Volvo's new EX60 is not a reskinned XC60 fitted with a battery pack. It's a ground-up electric SUV on a new platform, running about 4 inches longer than the XC60 it sits alongside in the lineup, which puts it closer to midsize territory, roughly the footprint of a Hyundai Santa Fe. Three trim levels cover the range: the P6 starts with around 370 horsepower and roughly 310 miles of EPA-estimated range, while the top P12 pushes to 670 horsepower and around 400 miles. Volvo expects US sales to start sometime this summer, with pricing likely landing in the mid-to-high $50,000 range. Production has only just begun on early units, so the car reviewed here is a pre-production example.

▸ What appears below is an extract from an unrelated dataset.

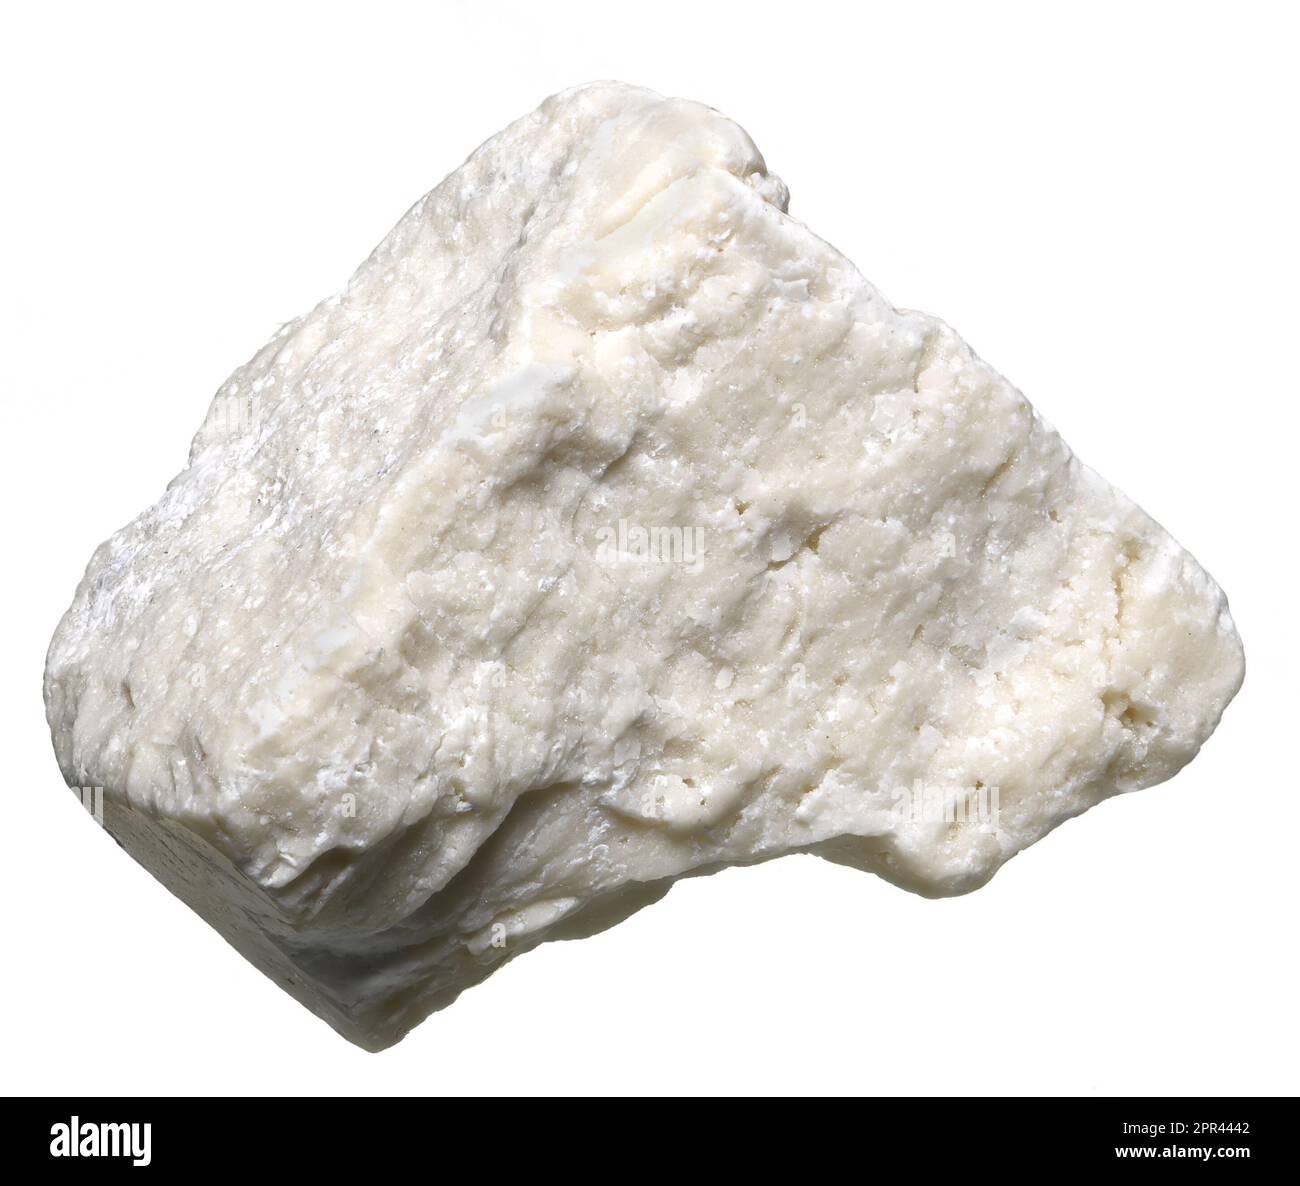 White Aragonite (Calcium carbonate) c1.5cm across Stock Photo

The 400-mile range figure is notable for this class. Numbers that high have mostly shown up in larger, pricier vehicles like the Lucid Air, and bringing that to a family-oriented midsize SUV puts the EX60 in direct competition with the BMW iX3 and Audi Q6. Charging uses NACS as standard, making the EX60 the first Volvo to ship with the Tesla-style port, which means no adapter is needed at Tesla's network. A 10-to-80 percent charge takes around 16 minutes with the right infrastructure. There's also an off-road variant coming: the EX60 Cross Country, a 2028 model with air suspension that can raise ground clearance for rougher terrain.
Doug DeMuro's full tour covers a lot of ground on exterior and interior quirks. The wing-grip door handles are a genuine engineering choice: positioned at the top of each door, they work via a small button rather than a pull, and Volvo credits them with roughly 3 additional miles of range over a conventional handle design. Inside, the landscape-oriented touchscreen is slightly convex to improve sightlines for both occupants. The audio system ships standard with 21 speakers at launch; the tested unit carried 28, with individual headrest volume control so rear and front cabin audio levels can be managed independently. The minimalist interior has essentially no physical buttons aside from three stereo controls. The infotainment runs Google-based software, with Google Maps, Google Assistant, and Google Gemini integrated for voice queries.
Bottom line: Volvo has built a family SUV that doesn't feel like a compromise on the things most buyers actually measure. The range numbers, charging speed, standard NACS port, and considered interior design all point in the right direction. Whether the pricing holds once full trim details land will determine how well it stacks up against the German alternatives arriving at the same time.